Our first stop was the restaurant Andaluca, located in the hotel. I’ve dined here numerous times, but it was fun to meet Chef Wayne Johnson and sample his tasty Crisp Duck Cakes and handcrafted Sangria. Next was Serious Pie, the newest of Tom Douglas’ five restos, located just around the corner from the Dahlia Lounge. The pizza here is some of the best in the city, and I love the foccacia style blistered crust and house-made buffalo mozzarella.
At the Chocolate Box we sampled cold tea infused with chocolate. Not my favorite; the dark chocolate tasting was much more to my liking. From there it was onto German-style food at The Bavarian Meat Delicatessen where we tasted Landjager sausage, kasla (smoked pork tenderloin), and other meats made just two blocks away.
More sweets, this time at The Confectional, which specializes in cheesecake and cheesecake truffles. We sampled Colombian hot chocolate shooters, which went down easy, even on a hot summer day. Wending our way through the crowds of the Pike Place Market, we popped into Place Pigalle, a bar I hung out at in my college days. It’s cleaned up since then and has been a restaurant since 1982. We sat among the other diners and sampled mussels and wine.
Creminelli Meats is sandwiched between Garlic Garden and a wildlife artist in the market. Ah, salami! We tasted three: Barolo, Piccante, and Tartufo. All handmade under master artisan Cristiano Creminelli. And what better to wash it down with than beer from the Pike Pub & Brewery? As the fifth brewery in the state, it features such nicely named beers as Pike Naughty Nellie.

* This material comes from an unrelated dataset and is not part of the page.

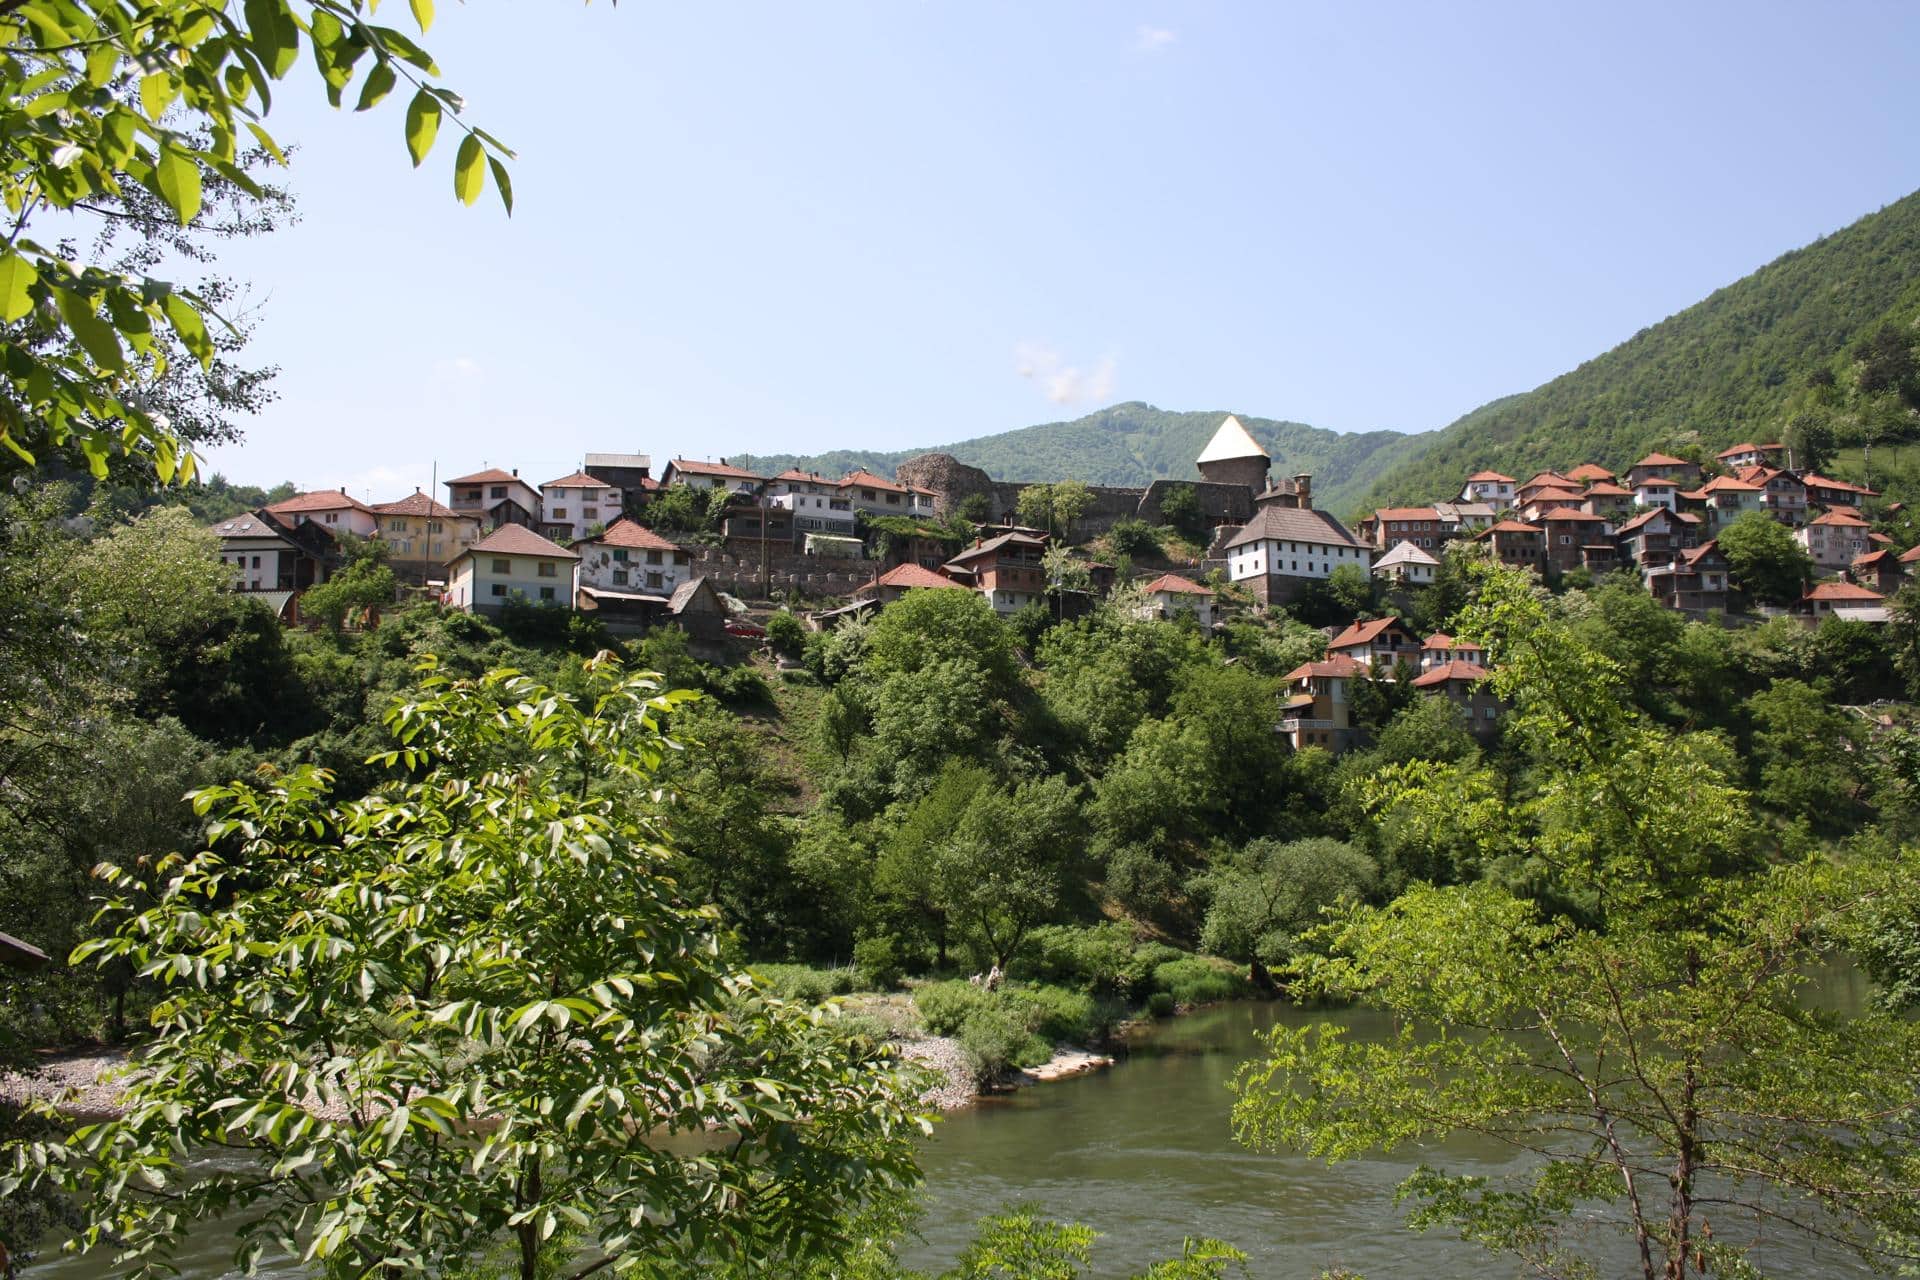 Srednjovjekovno selo Vranduk u blizini Zenice na obali rijeke Bosne, nedaleko od Bilinog polja
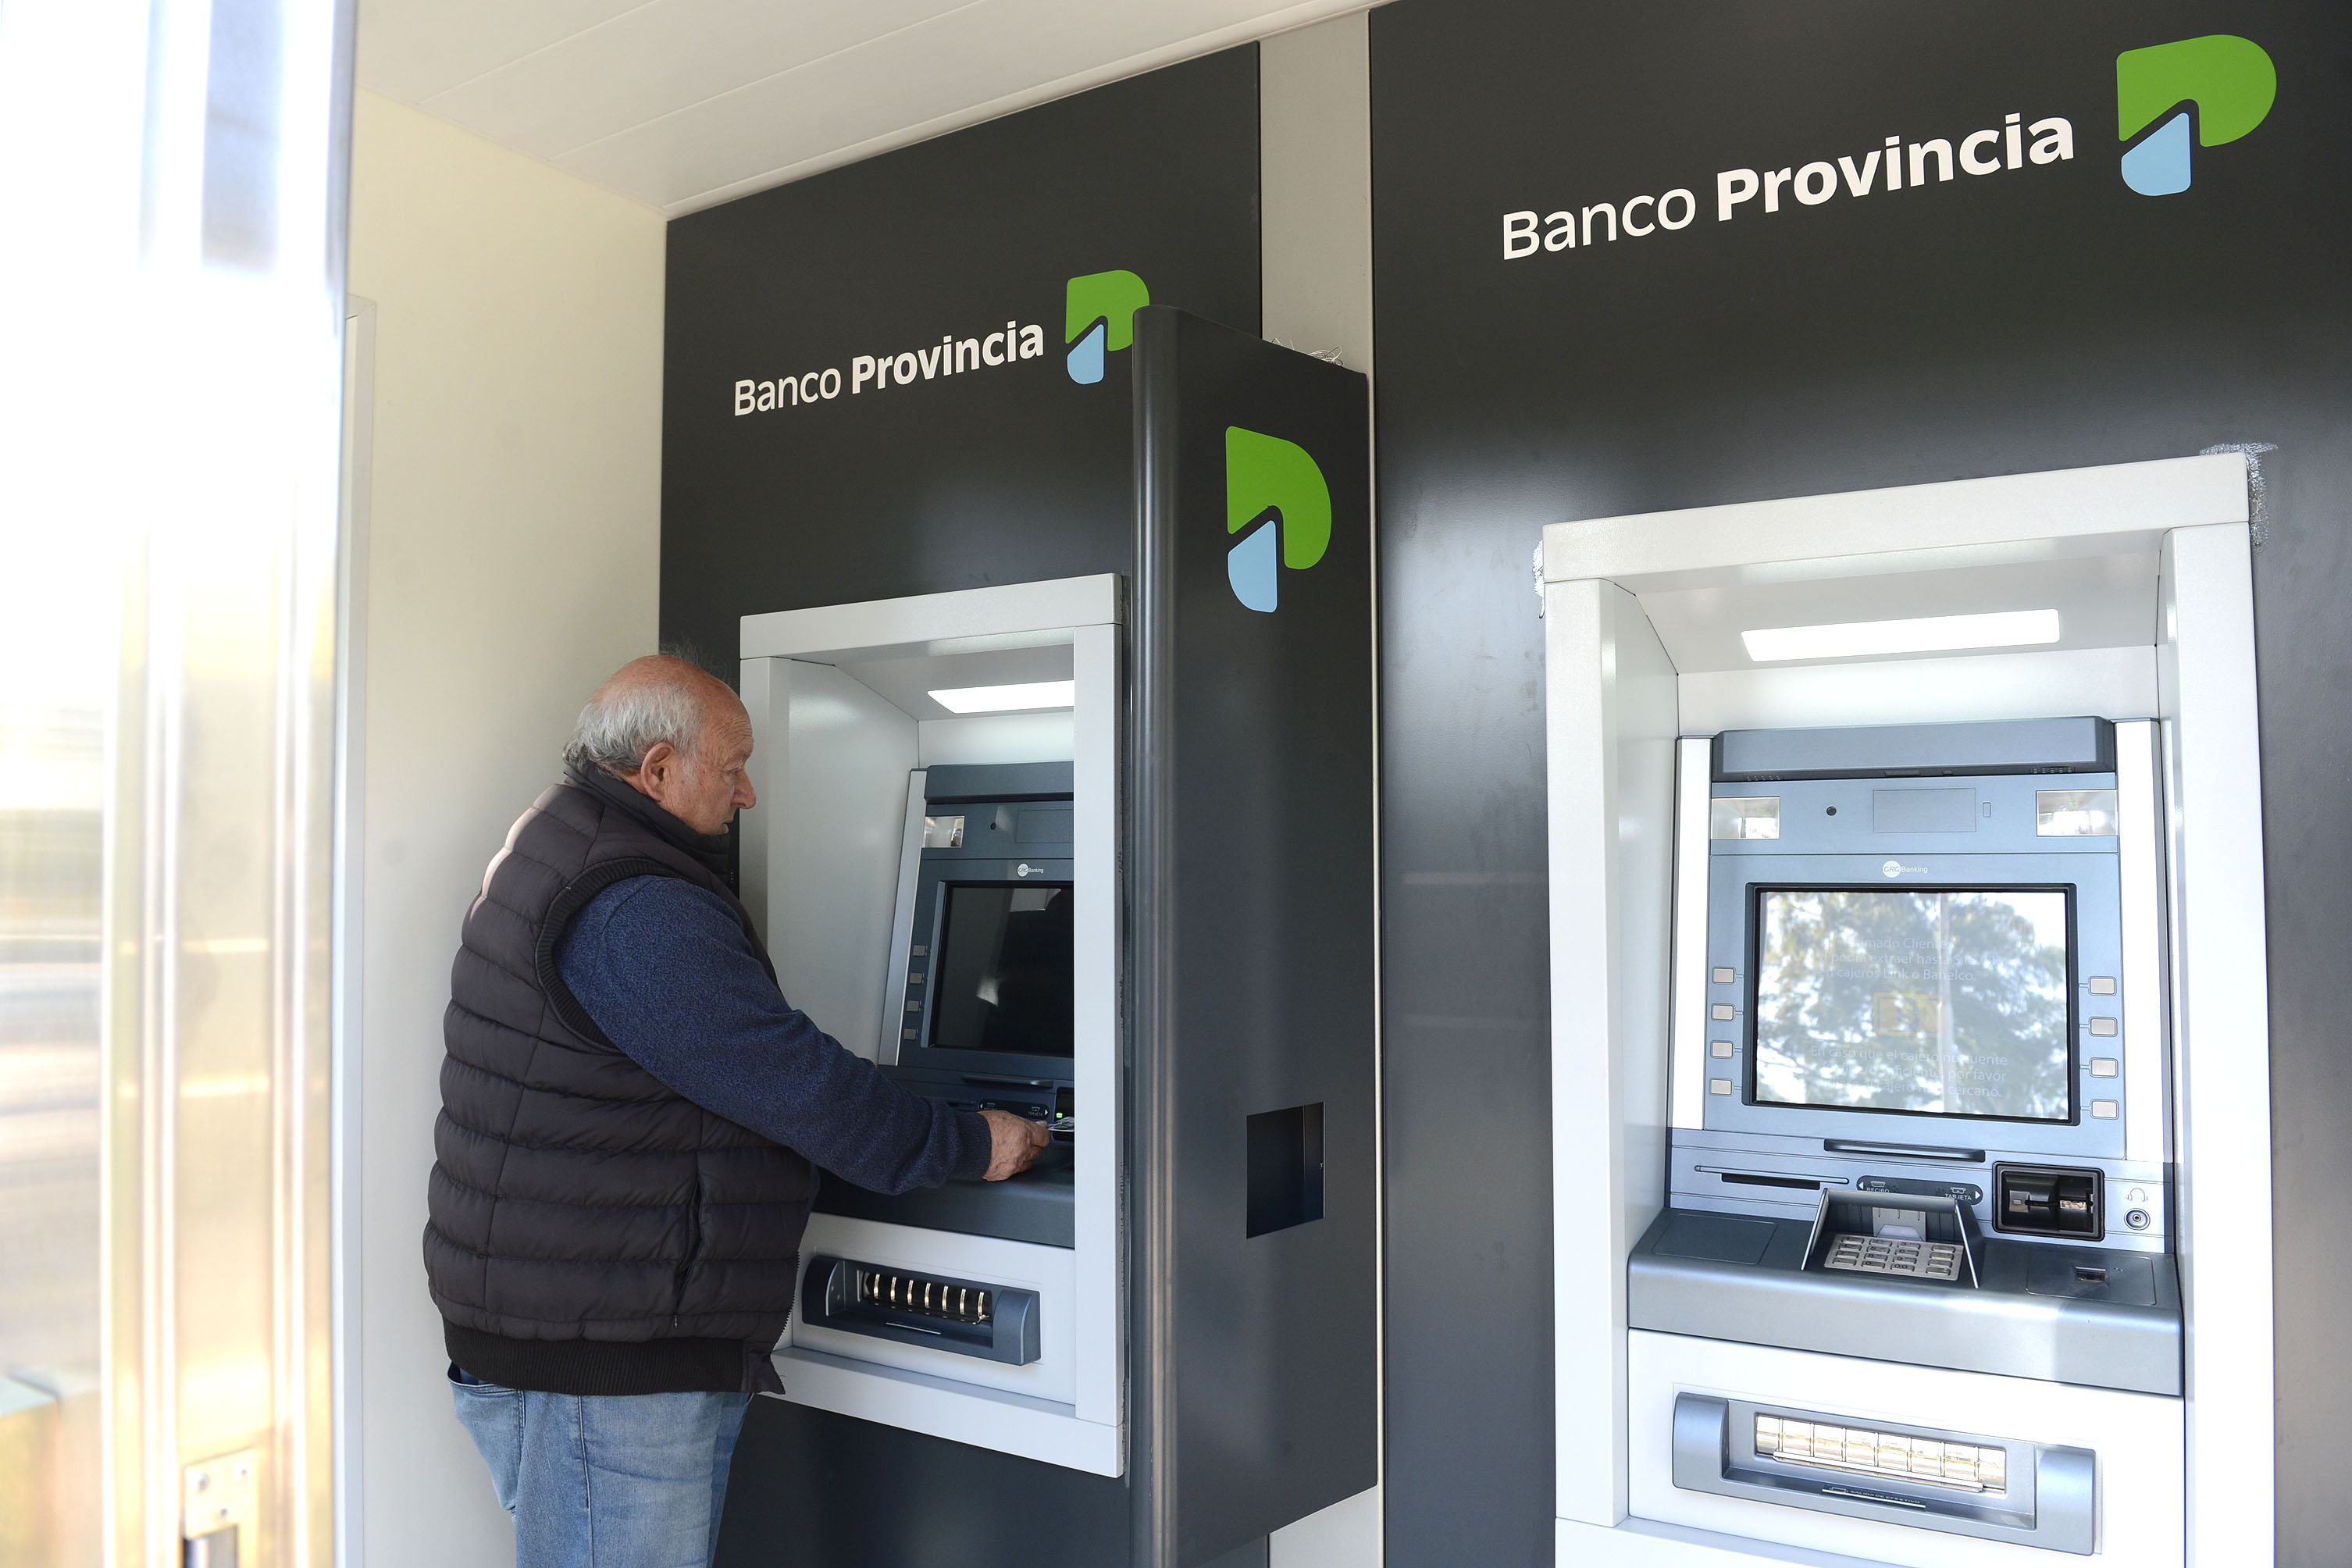 Mar del Plata sumó 4 nuevos cajeros automáticos de Banco Provincia

The golden fermented-style ale was served with Naughty Nellie Cheese and Naughty Nellie Beer Bread. I forgot to ask, “Who’s Nellie?”
On to the last stop of the tour, Gelatiamo, located at the corner of Third and Union. This place is the real deal, with Italian owner Maria Coassin the mastermind behind the recipes. We sampled pistachio gelato and raspberry sorbet, a sweet ending to a unique slice of Seattle.